=== SUPPLIED MATERIAL ===

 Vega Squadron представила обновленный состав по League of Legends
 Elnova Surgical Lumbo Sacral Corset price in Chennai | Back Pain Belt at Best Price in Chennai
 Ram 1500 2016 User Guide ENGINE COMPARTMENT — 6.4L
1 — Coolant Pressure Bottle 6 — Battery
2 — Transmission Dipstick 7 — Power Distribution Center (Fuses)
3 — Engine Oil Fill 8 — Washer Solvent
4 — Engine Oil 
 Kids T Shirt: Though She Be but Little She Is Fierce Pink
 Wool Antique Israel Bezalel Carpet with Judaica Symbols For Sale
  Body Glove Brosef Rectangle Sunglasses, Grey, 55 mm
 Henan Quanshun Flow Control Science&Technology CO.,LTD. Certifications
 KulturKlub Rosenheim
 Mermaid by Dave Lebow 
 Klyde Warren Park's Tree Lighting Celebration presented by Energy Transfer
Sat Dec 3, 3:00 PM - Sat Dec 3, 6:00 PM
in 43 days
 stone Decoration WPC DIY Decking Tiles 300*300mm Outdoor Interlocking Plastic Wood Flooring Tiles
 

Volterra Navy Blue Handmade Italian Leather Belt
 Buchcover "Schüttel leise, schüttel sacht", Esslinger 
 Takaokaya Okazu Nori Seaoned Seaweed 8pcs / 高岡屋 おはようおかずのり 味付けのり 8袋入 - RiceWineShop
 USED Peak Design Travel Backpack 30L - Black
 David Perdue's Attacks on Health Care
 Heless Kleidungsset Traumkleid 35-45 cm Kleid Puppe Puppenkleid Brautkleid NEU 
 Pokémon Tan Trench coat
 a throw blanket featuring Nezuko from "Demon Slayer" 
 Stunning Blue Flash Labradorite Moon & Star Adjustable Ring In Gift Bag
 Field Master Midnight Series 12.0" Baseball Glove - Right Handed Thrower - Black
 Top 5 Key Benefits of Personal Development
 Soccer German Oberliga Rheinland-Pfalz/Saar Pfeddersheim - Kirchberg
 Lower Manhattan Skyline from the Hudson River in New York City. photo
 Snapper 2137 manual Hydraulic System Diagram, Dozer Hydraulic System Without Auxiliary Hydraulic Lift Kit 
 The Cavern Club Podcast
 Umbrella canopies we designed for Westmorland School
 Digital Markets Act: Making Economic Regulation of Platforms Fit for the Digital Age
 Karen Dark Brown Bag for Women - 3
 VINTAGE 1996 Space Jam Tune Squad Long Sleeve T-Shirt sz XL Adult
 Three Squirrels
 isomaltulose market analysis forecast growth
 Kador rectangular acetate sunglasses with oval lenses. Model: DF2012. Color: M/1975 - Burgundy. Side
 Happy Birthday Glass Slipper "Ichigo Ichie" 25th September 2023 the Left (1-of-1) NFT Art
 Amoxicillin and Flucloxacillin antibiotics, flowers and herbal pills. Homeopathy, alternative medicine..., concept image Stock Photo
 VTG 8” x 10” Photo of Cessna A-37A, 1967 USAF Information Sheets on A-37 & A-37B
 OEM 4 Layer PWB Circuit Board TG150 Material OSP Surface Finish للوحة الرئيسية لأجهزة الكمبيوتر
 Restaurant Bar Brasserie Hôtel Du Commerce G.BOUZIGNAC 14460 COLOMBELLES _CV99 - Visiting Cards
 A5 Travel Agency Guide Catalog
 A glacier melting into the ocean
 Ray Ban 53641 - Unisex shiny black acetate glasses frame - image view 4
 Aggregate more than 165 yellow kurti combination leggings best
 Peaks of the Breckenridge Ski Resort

===

* **AIM OF THE EXERCISE**:
Begin with the first line of the listing and copy exactly through the line that contains "Kids T Shirt: Though", please, keeping both ends and leaving out everything after.

* **WRITTEN REPLY**:
 Vega Squadron представила обновленный состав по League of Legends
 Elnova Surgical Lumbo Sacral Corset price in Chennai | Back Pain Belt at Best Price in Chennai
 Ram 1500 2016 User Guide ENGINE COMPARTMENT — 6.4L
1 — Coolant Pressure Bottle 6 — Battery
2 — Transmission Dipstick 7 — Power Distribution Center (Fuses)
3 — Engine Oil Fill 8 — Washer Solvent
4 — Engine Oil 
 Kids T Shirt: Though She Be but Little She Is Fierce Pink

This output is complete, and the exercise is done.